Notícias

“Encontros ao Serão” Cuidar Também é Amar


O ciclo “Encontros ao Serão” recebeu, no passado dia 28 de maio, uma sessão marcada pela emoção, pela reflexão e pela partilha de experiências. A convidada foi Rita Joana Maia, autora do livro “A Minha Avó é Pequenina”, que trouxe ao público uma conversa franca sobre o cuidar, os desafios dos cuidadores informais e a forma como a sociedade encara a doença, a perda e o luto.

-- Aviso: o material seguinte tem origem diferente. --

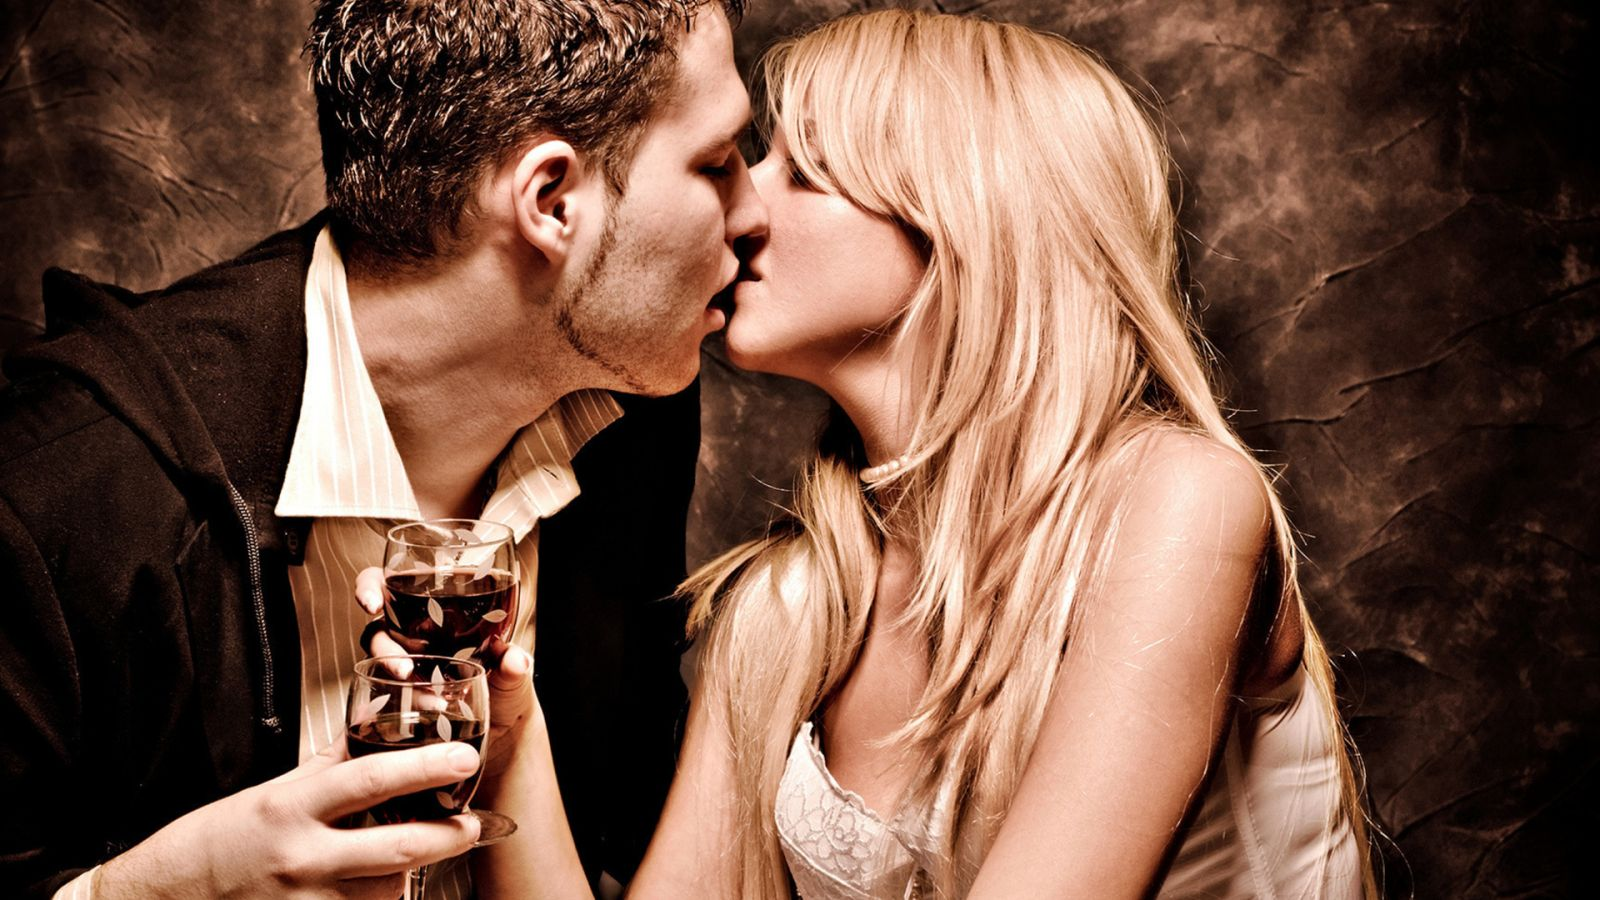 Кодировка от алкоголя в николаеве отзывы

O dia 28 de maio, foi uma conversa intimista e proveitosa sobre Cuidar, que acolheu, na Marinha Grande, a comunicação e apresentação do livro “ A minha avó é pequenina” de Rita Joana Maia, que de uma forma direta e bem disposta de comunicar, partilhou a sua vivência marcada pela entrega, pela luta pelos direitos dos cuidadores informais e pela resistência perante a ausência de apoio institucional. A sua história é também a de milhares de cuidadores que sustentam, silenciosamente, os pilares do Serviço Nacional de Saúde.

Rita Joana pôs em palavras aquilo que a sociedade tende em evitar falar: o cuidar, a morte, o luto, a saudade e a transformação que a perda trazRita Joana parte da ideia de que vivemos o cuidar e a morte como choque, porque fugimos das conversas sobre perda, mudanças e despedidas, e que, por isso, não sabemos mais como acolher e partilhar a dor, nem honrar a memória do que ou de quem se foi.

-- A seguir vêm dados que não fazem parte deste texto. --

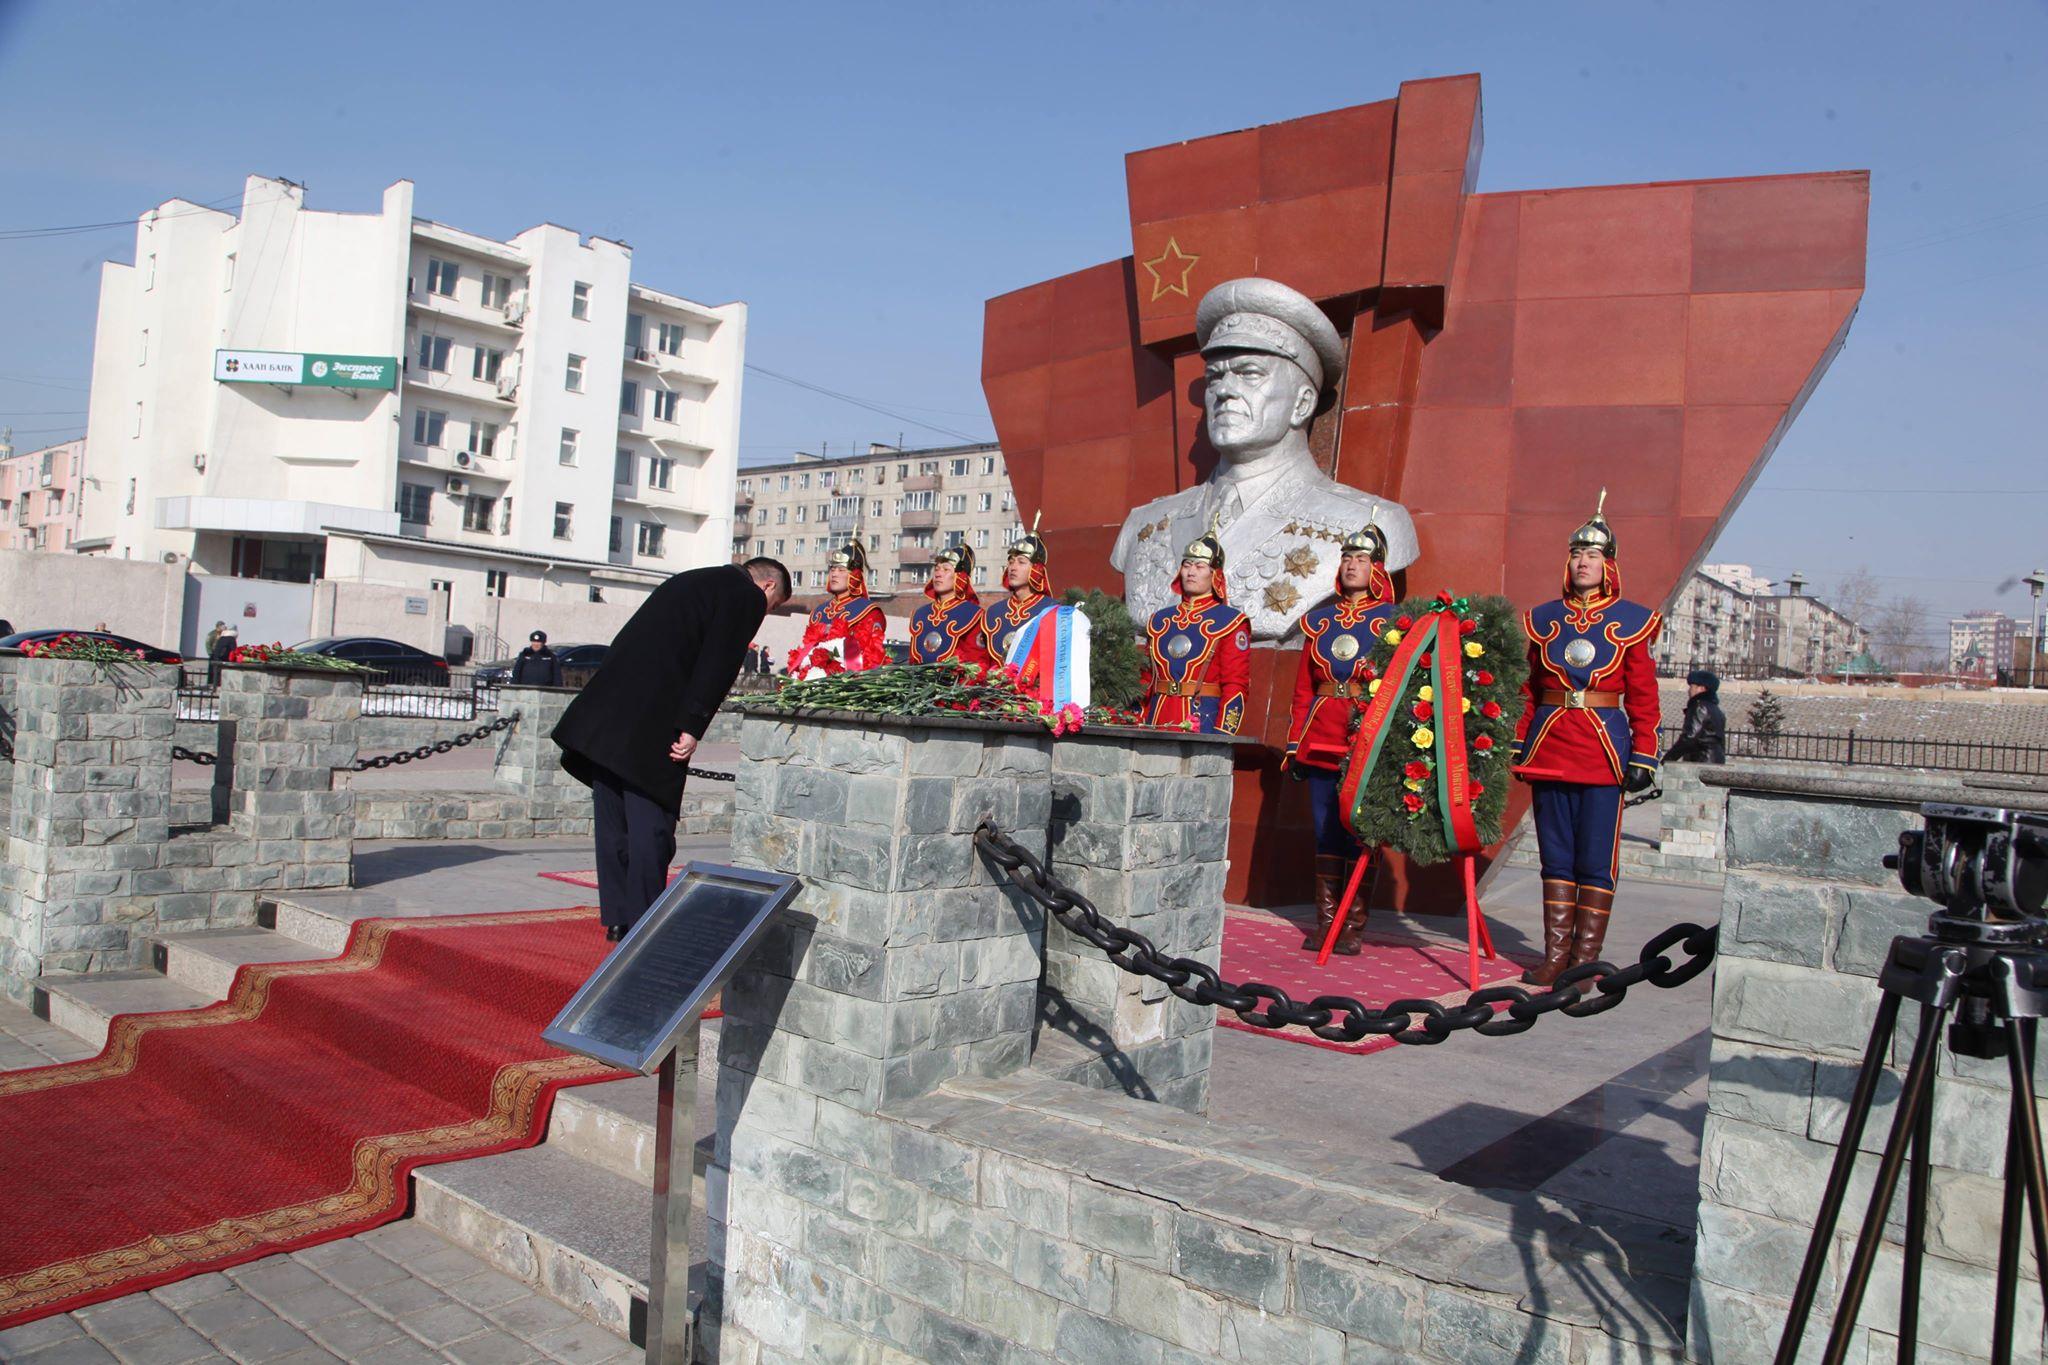 БНМАУ-ын хошой баатар, маршал Г.К.Жуковын хөшөөнд цэцэг өргөлөө

Rita Joana, através do seu livro “A minha avó é pequenina” , faz um tributo comovente ao ato de Cuidar, narrado através da história de Adelaidinha — uma menina mulher que nos guia por uma vida de sonhos, desencantos e reconciliações.” Um verdadeiro abraço de ternura”, como descreve Marisa Matias no prefácio, que nos lembra da urgência de dar voz às mulheres que cuidam e que na maioria das vezes permanecem invisíveis.

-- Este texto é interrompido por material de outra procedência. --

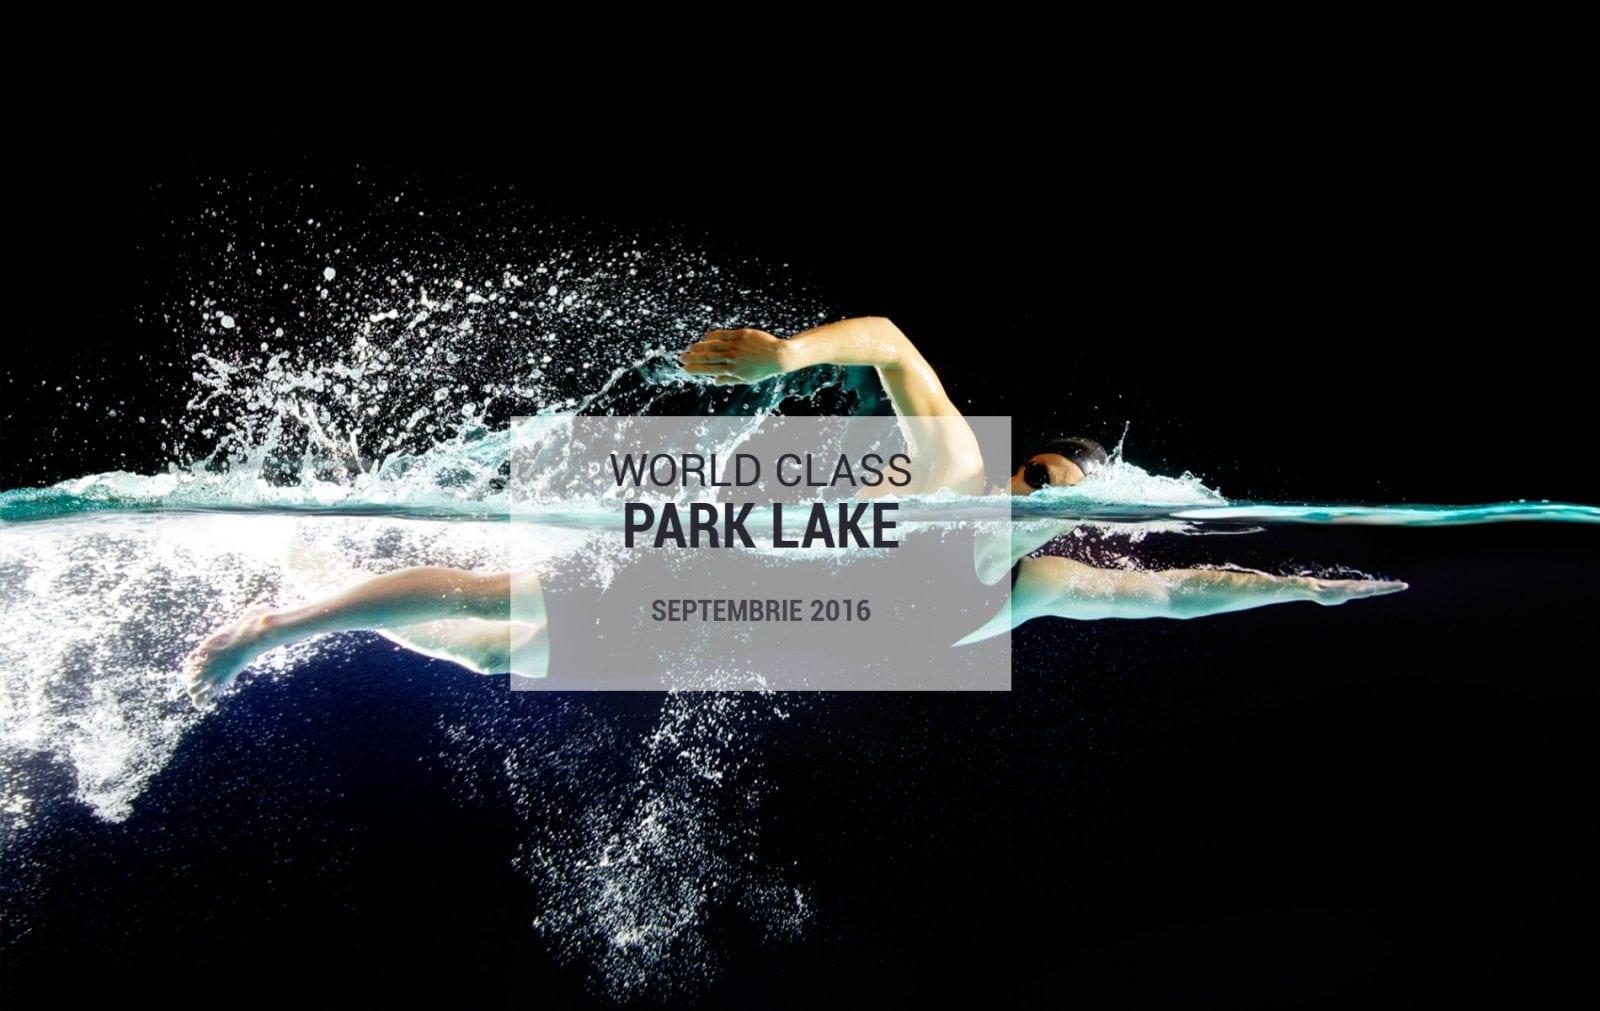 World Class Romania Park Lake - Cel mai nou club World Class, în mijlocul naturii

De forma despudorada e direta, falou das dificuldades burocráticas que todos os cuidadores informais têm de enfrentar para obter o estatuto de cuidador e da necessidade de se lutar e reivindicar por ele, pois sendo ela cuidadora informal há quase três décadas, tem lutado, desde sempre, pelos direitos dos cuidadores e pela resistência perante a ausência de apoios.

Falou ainda dos Apoios existentes: Cuidadores Informais, AMARA e APPSP (Associação Portuguesa Para Promoção da Saúde Pública),porque todos, um dia, seremos Cuidadores ou Cuidados.

 Nesta conversa dirigida a um público adulto, Rita Joana, cuidadora, de fim de vida e autora do livro, convidou-nos a refletir sobre os desafios, emoções e transformações associados ao papel de cuidador informal, numa comunicação empática e frontal, que nos fez repensar sobre cuidado, fragilidade, envelhecimento, afetos, dependência e luto, num espaço de escuta, diálogo e de grande proximidade humana.

Usando as palavras da nossa convidada, “Dignificar o Cuidador Informal é lutar por um papel que nos caberá a todos, sendo que um dia todos seremos Cuidadores ou Cuidados. Falar sobre este tema com gerações mais jovens é colocar-lhes nas mãos a continuidade de uma luta justa, necessária e urgente”.